_Records shown:_
****************************************

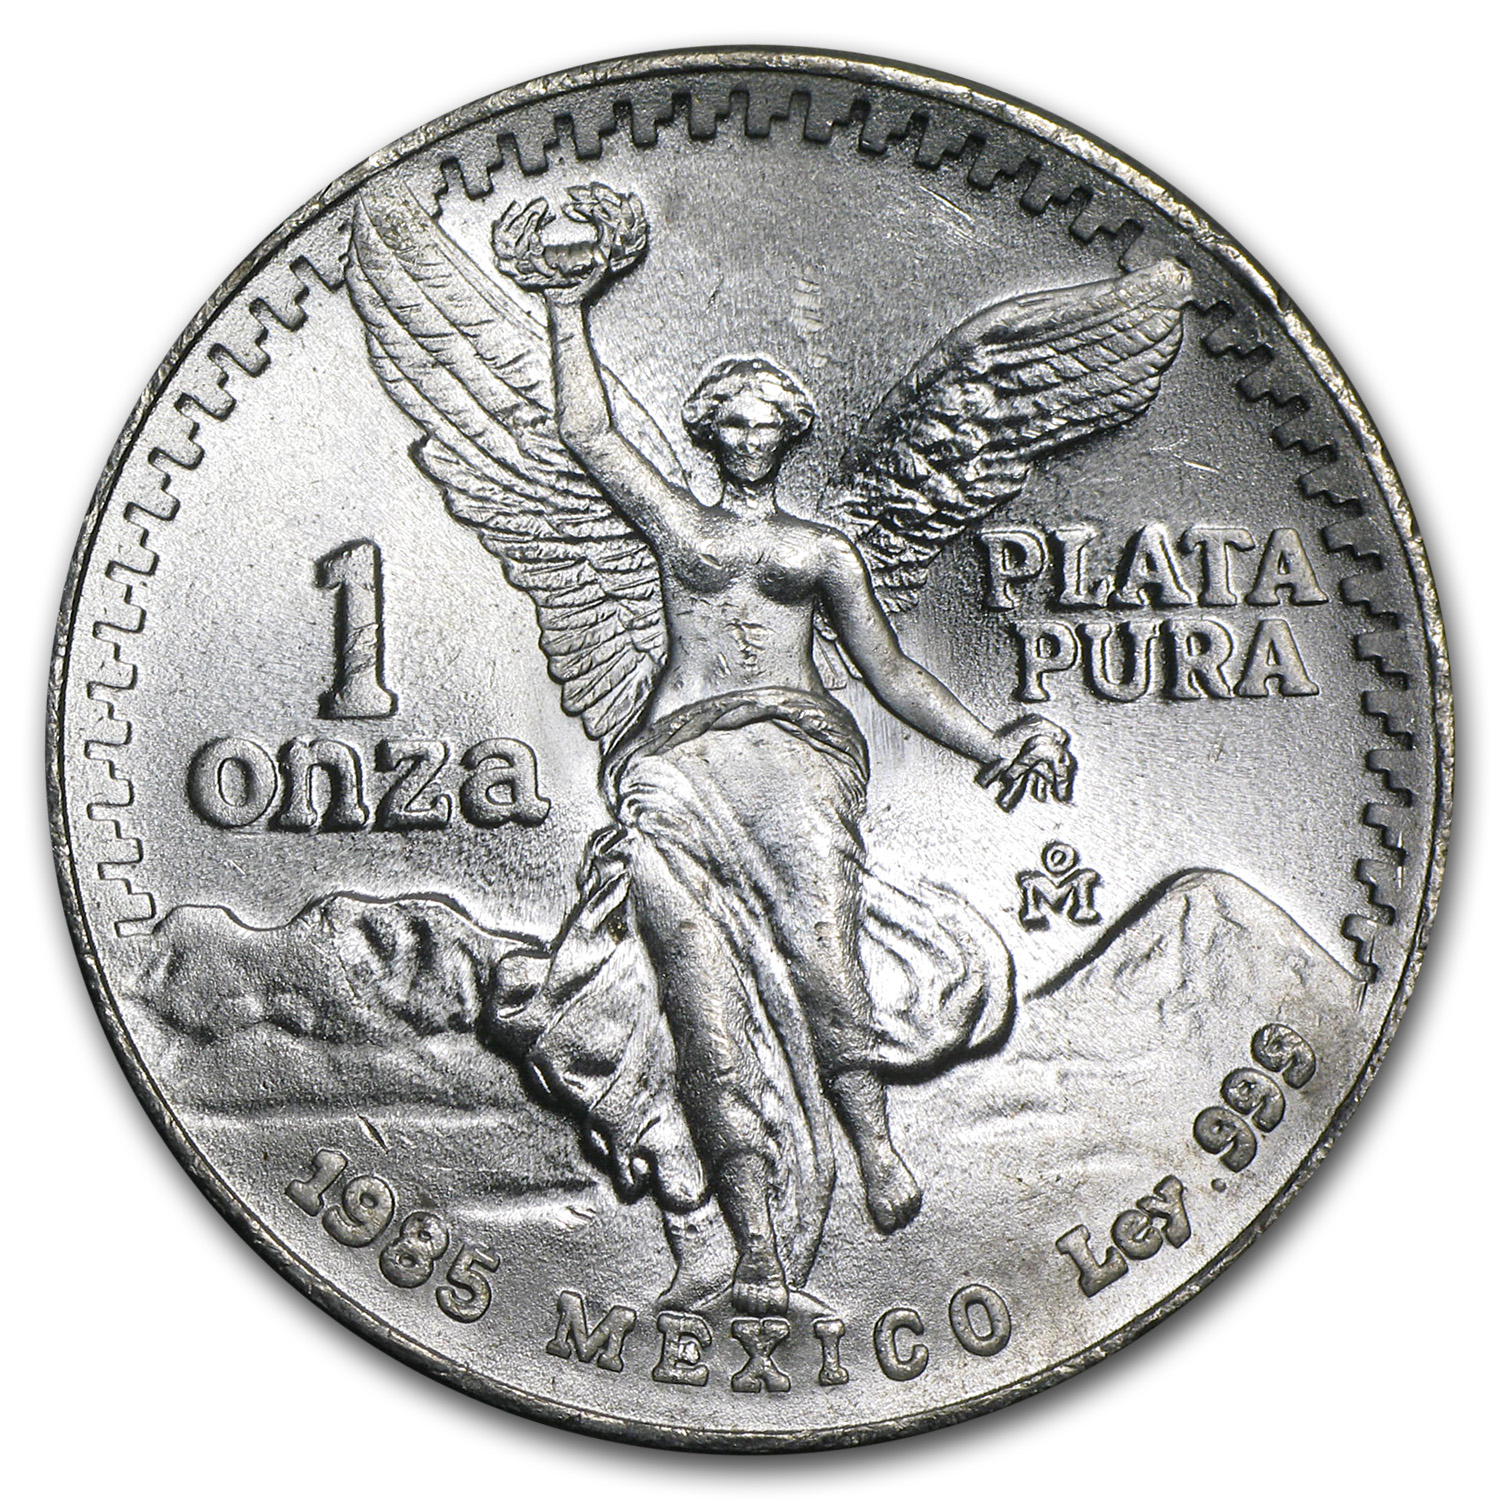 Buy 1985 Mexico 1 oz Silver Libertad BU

****************************************

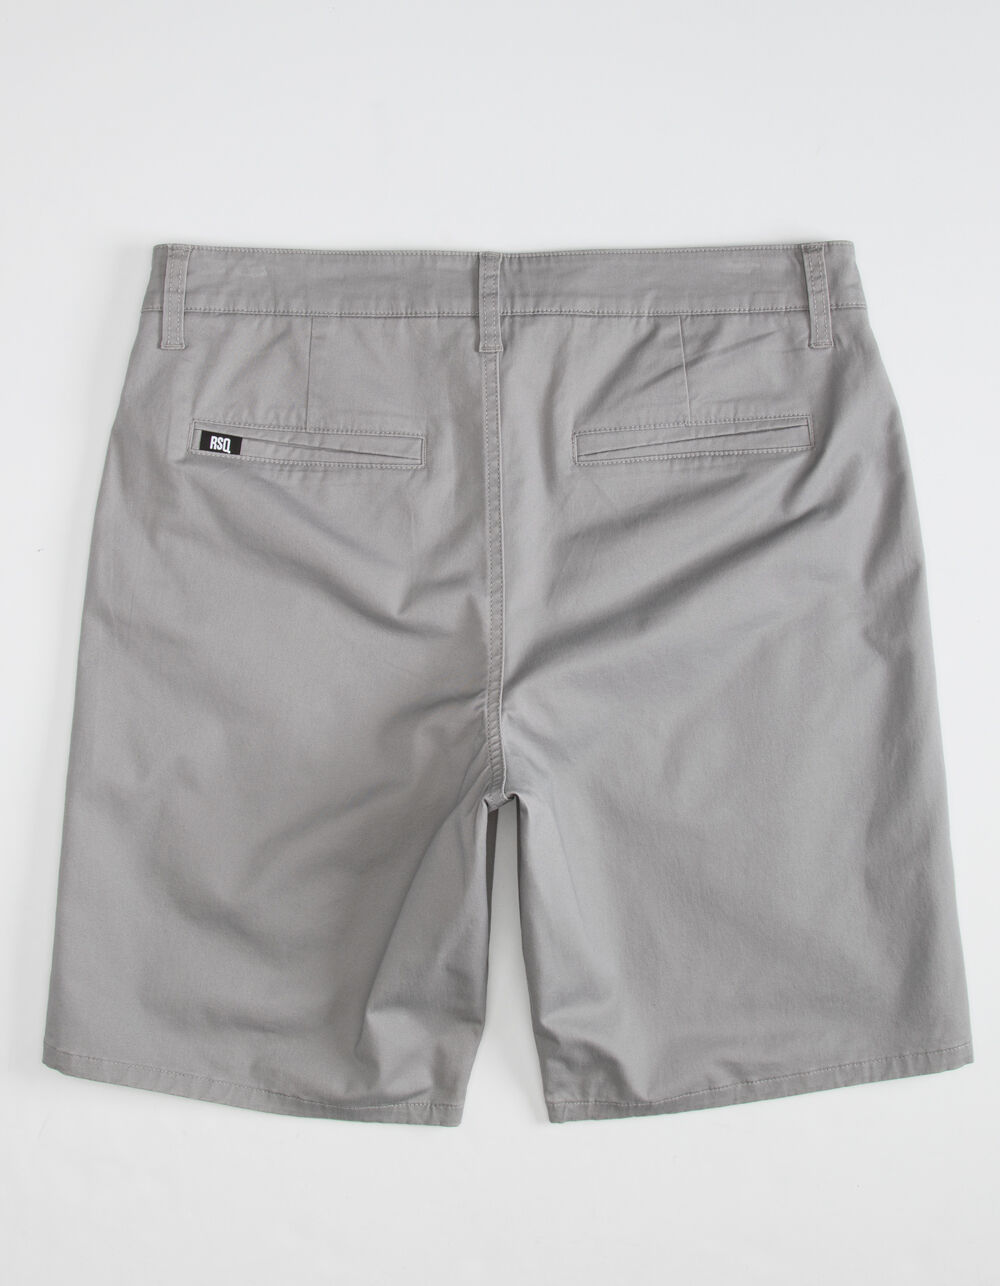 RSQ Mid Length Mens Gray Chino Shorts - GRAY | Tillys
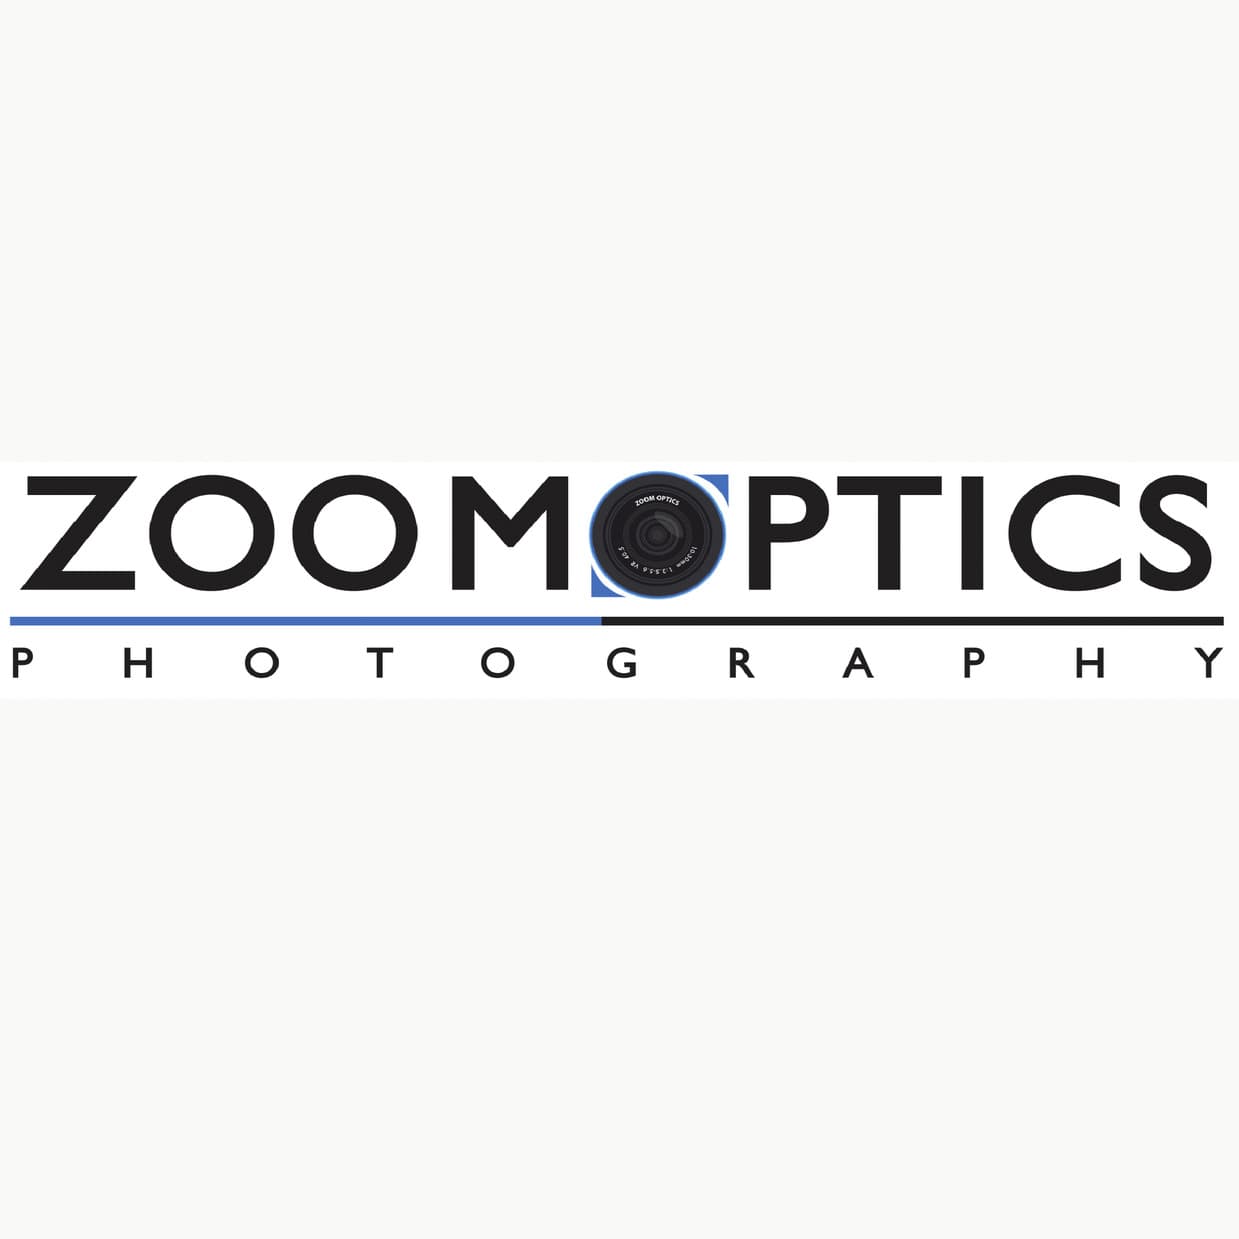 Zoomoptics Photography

****************************************

_Required work:_ Set down again, word for word, every line from the one with "RSQ Mid Length" to the one with "Zoomoptics Photography" in the entries above, and omit the pictures.

_Solution to the problem:_
 RSQ Mid Length Mens Gray Chino Shorts - GRAY | Tillys
 Zoomoptics Photography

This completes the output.